Tom Tykwer's Run Lola Run brought me back to the experience of reading Queneau, and both share the same characteristic of being a lot more fun to discuss than to watch or read at some points. Run Lola Run is less a film and more an exercise in style, with a simple setup: Lola (Franka Potente) gets a call from her boyfriend Manni (Moritz Bleibtreu), who has left a bag containing 100,000 Deutsche Marks on a subway train that was subsequently stolen by a bum. The bag was supposed to be delivered to a gangster acquaintance of Manni, who will now presumably kill him as a result of his incompetence. Lola has twenty minutes to devise a plan.
Tykwer decides to tell Lola's story like a video game, showing Lola race through the busy streets of Germany on-foot in efforts to meet up with her boyfriend, obtain the money, or some combination of the two. We see her do this with notable variations on her events three different times. Through hyper-kinetic editing and breakneck cinematography that flashes reds and yellows at lightning speeds, the experience for the viewer is made less like a film and more of an immersive trance. We even get "backstories" on the people Lola passes by or bumps into on the streets, showing rapid snapshots of their life as if we're looking at their history by paging through their photo-albums.
Tykwer and editor Mathilde Bonnefoy appear to take a great deal of influence from music videos and the visual excess of the 1990s style that ostensibly spawned from the musical and social excesses of the 1980s. The result is hypnotic if not sometimes nauseating; it's not the film to watch with a headache or a hangover. Nothing short of impressive is how well Tykwer commits to this fairly distant style that prohibits us from really getting to know Lola and Manni as people or even as a unit, aside from one emotional, intimate moment that's over as quickly as any one of the film's immediate cuts.
Run Lola Run feels like a film only in the most conventional sense of it being a visual project with a story and a feature-length runtime. Other than those basic and horribly general "requirements," it actually moves and operates like an amalgamation between a video game you cannot play and a music video with many songs (most of which techno and electronica music). For this alone, reactions are bound to be very polarizing. The film is basically an endless loop of stylistic characteristics that flaunt technical and aesthetic prowess with in-your-face colors and graphics like only the 1990s could do even half as well as the 1980s.
With all that in mind, Run Lola Run is pretty effective in what it sets out to do, which is show how small, ostensibly insignificant occurrences during our daily lives alter the course of events in our day and even our lives. It's a riveting concept you could lose countless hours of sleep over even more than if you stayed up worrying about what tomorrow's events would bring if you simply accomplished all your tasks in an orderly manner. Take note of how the crabby middle-aged woman Lola bumps into during each of her three ones has not only a different reaction to being pushed aside each time, but a different backstory and a change in events. There's a beautiful, underlying concept of detail within Run Lola Run despite it being so frequently loud in more than a visual sense.

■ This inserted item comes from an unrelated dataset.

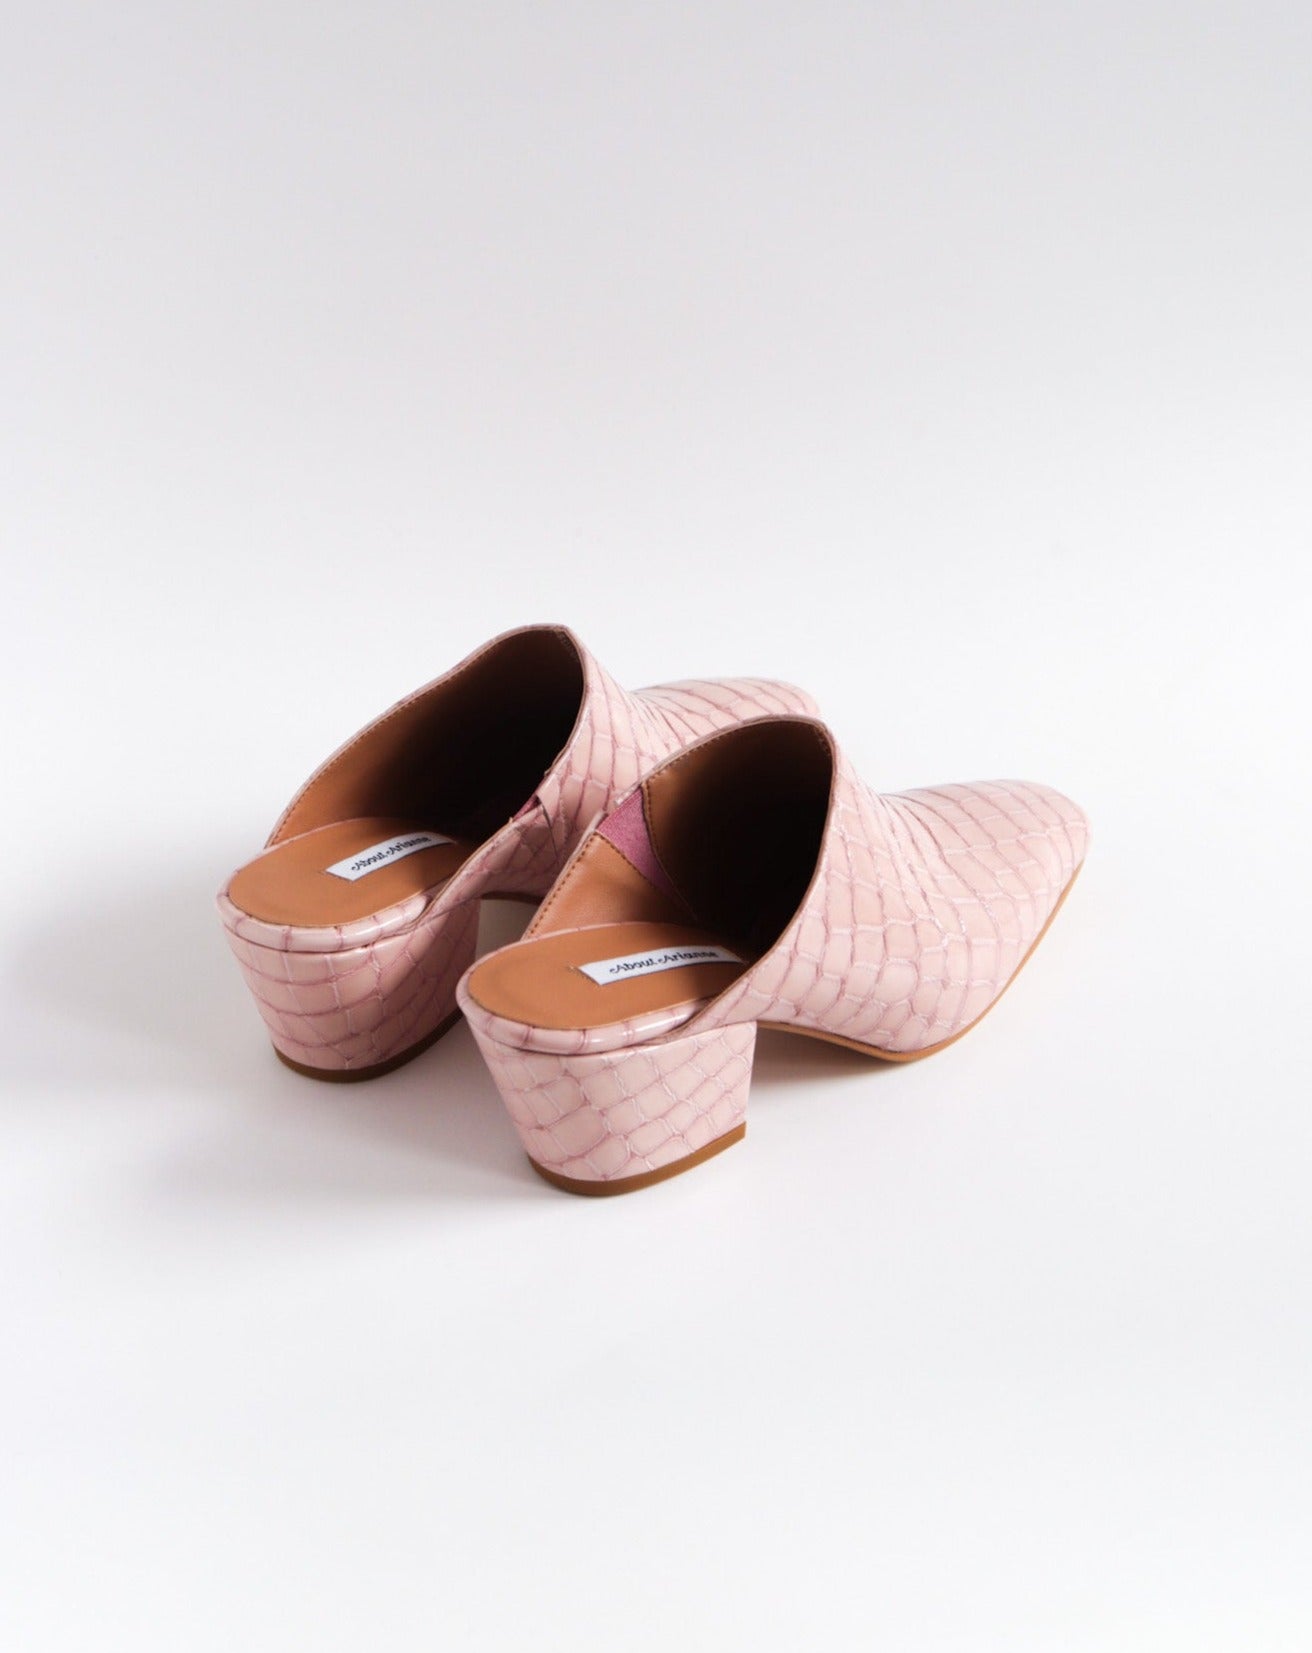 Pink 100% leather crocodile effect mules with almond shaped toe and block heel available at EASE Toronto
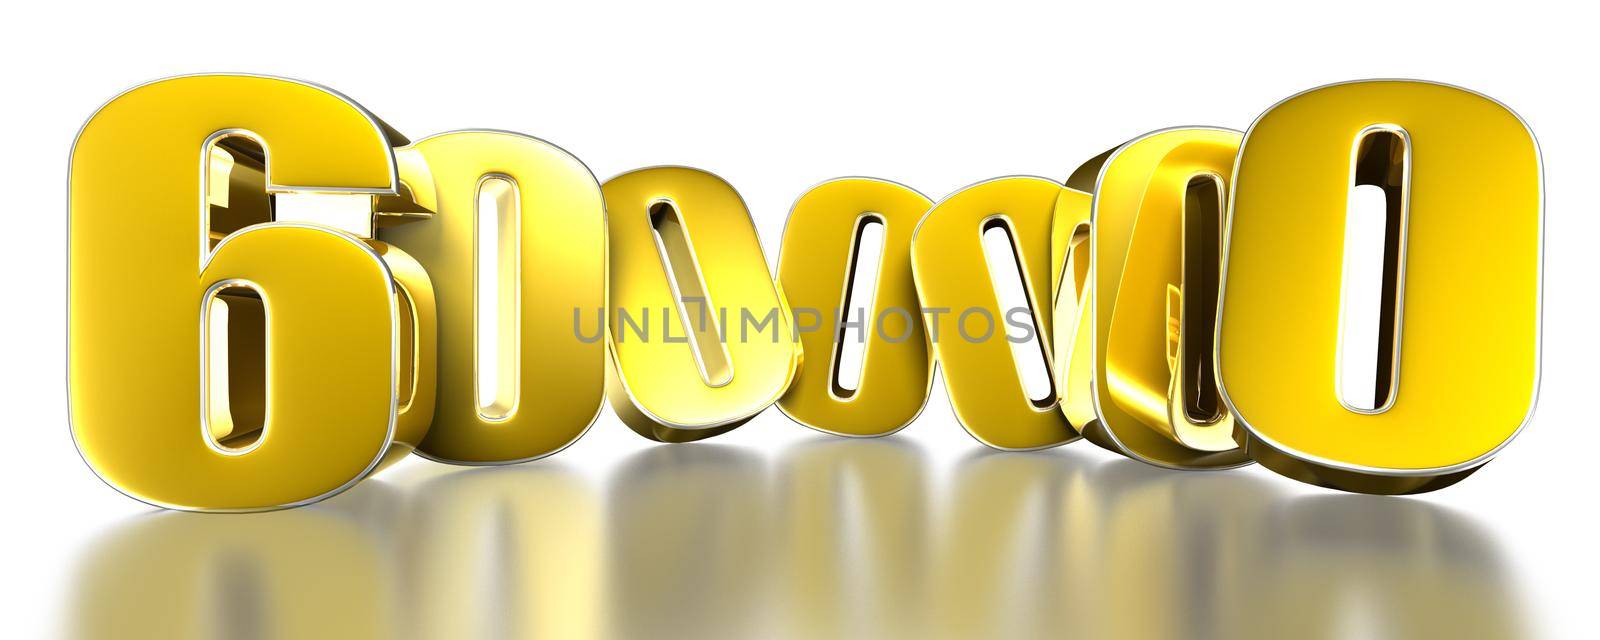 6 000 000 gold 3D illustration on white background with clipping path. by thitimontoyai

This same month, I was requested to review Themroc, a 1970s French film with no dialog other than discombobulated gibberish. It was an intriguing experience, but not one I'd be willing to sit through again any time soon. Now, by someone else, I'm requested to review a film that essentially operates like an anti-film, with a very general plot and a collection of defining moments that are more memorable than any character we meet in the film (I honestly watched the scene where the ambulance crashes through a large pane of glass being transported by several workers at a crosswalk during Lola's second run five times over). If there's one thing I'm aware of it when it comes to what some folks are watching, experimentation in film is not only alive and well, but interest and the act of embracing experimentation is also discernible on a more mainstream sense than I maybe would've guessed.
Starring: Franka Potente and Moritz Bleibtreu. Directed by: Tom Tykwer.